Il y a quelques années, j’avais rapporté d’un étang de la Brenne, où elles abondent, quelques-unes de ces tortues que j’avais installées dans un petit bassin, situé dans mon jardin. Elles s’y accoutumèrent à merveille. Or, quelques mois plus tard, l’idée me vint de mettre dans ce bassin quelques petites carpes larges de deux ou trois doigts dont on m’avait fait cadeau. Quelle ne fut pas ma surprise de voir mes tortues se précipiter avec une vélocité incroyable sur les nouvelles arrivantes et les mettre en pièces en moins de temps qu’il n’en faut pour le dire ! Le lendemain, il ne restait plus une seule carpe vivante ou morte. Elles avaient été proprement dévorées !

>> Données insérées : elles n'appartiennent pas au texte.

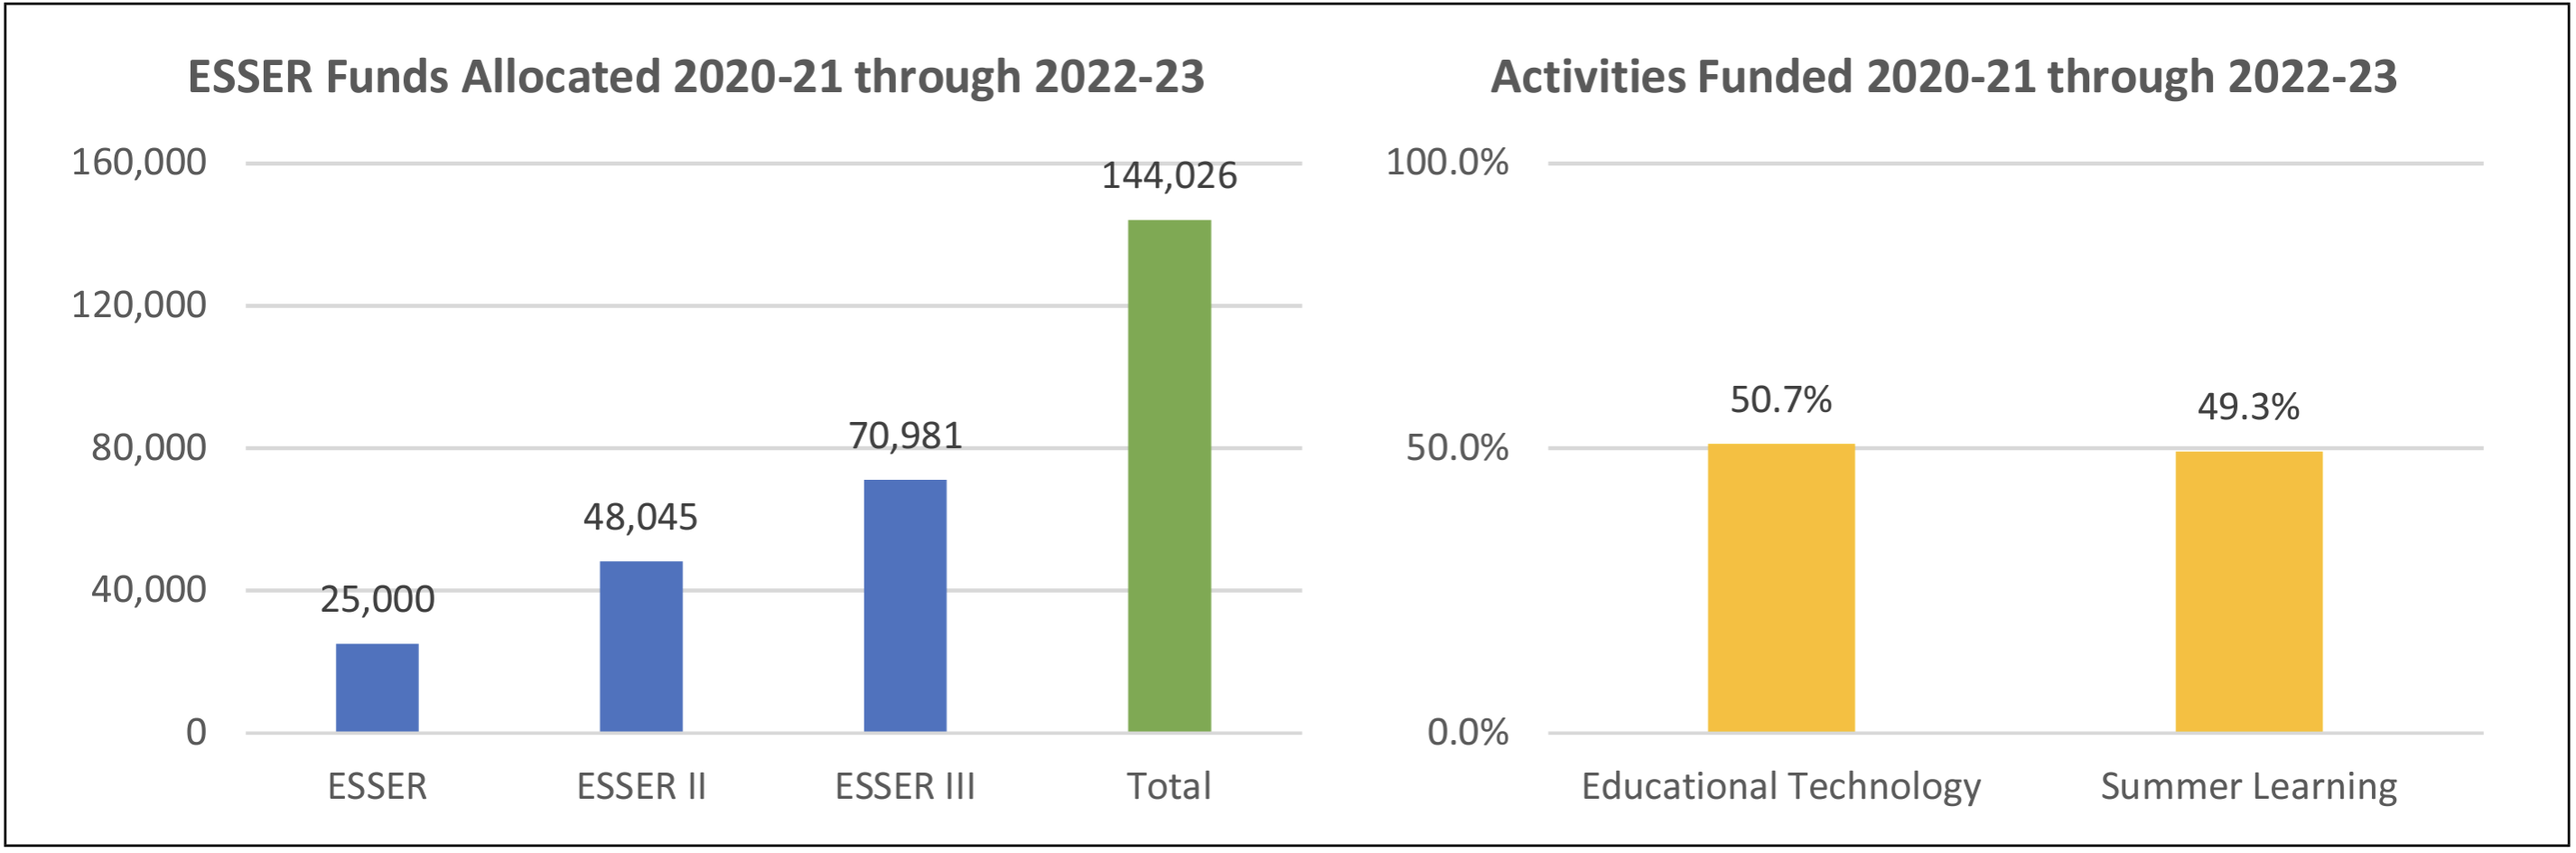 ESSER Funds Allocated 2020-21 through 2022-23

Il n’est donc pas douteux que les tortues mangent les poissons. Faut-il en déduire qu’elles constituent pour ces derniers un danger redoutable dans les étangs ? Je ne le crois pas. Dans le cas relaté ci-dessus, il s’agissait d’un espace restreint (2 ou 3 mètres carrés) et de poissons dont la vitalité était certainement diminuée ; la lutte était donc inégale et devait fatalement se terminer par l’extermination des poissons. De plus, les tortues devaient certainement être affamées par suite d’un long jeûne et se sont jetées sur la première proie qui leur a été offerte. Les conditions doivent être différentes dans un étang où les poissons disposent d’un vaste espace pour échapper aux poursuites et où les tortues doivent trouver des proies multiples plus faciles à capturer : grenouilles, limaces, petits crustacés, etc.

J’ai pu constater, dans les étangs de la Brenne, l’existence de nombreuses tortues, ce qui n’empêche pas ces étangs de fournir des quantités énormes de poissons. Je crois donc qu’on peut en conclure que les tortues, à moins qu’elles ne soient réellement en nombre trop considérable, ne sont pas des destructeurs très redoutables dans les grandes étendues d’eau, où elles doivent se contenter de poissons malades ou blessés, incapables de leur échapper.

J’ignore si elles s’attaquent aux œufs de poisson.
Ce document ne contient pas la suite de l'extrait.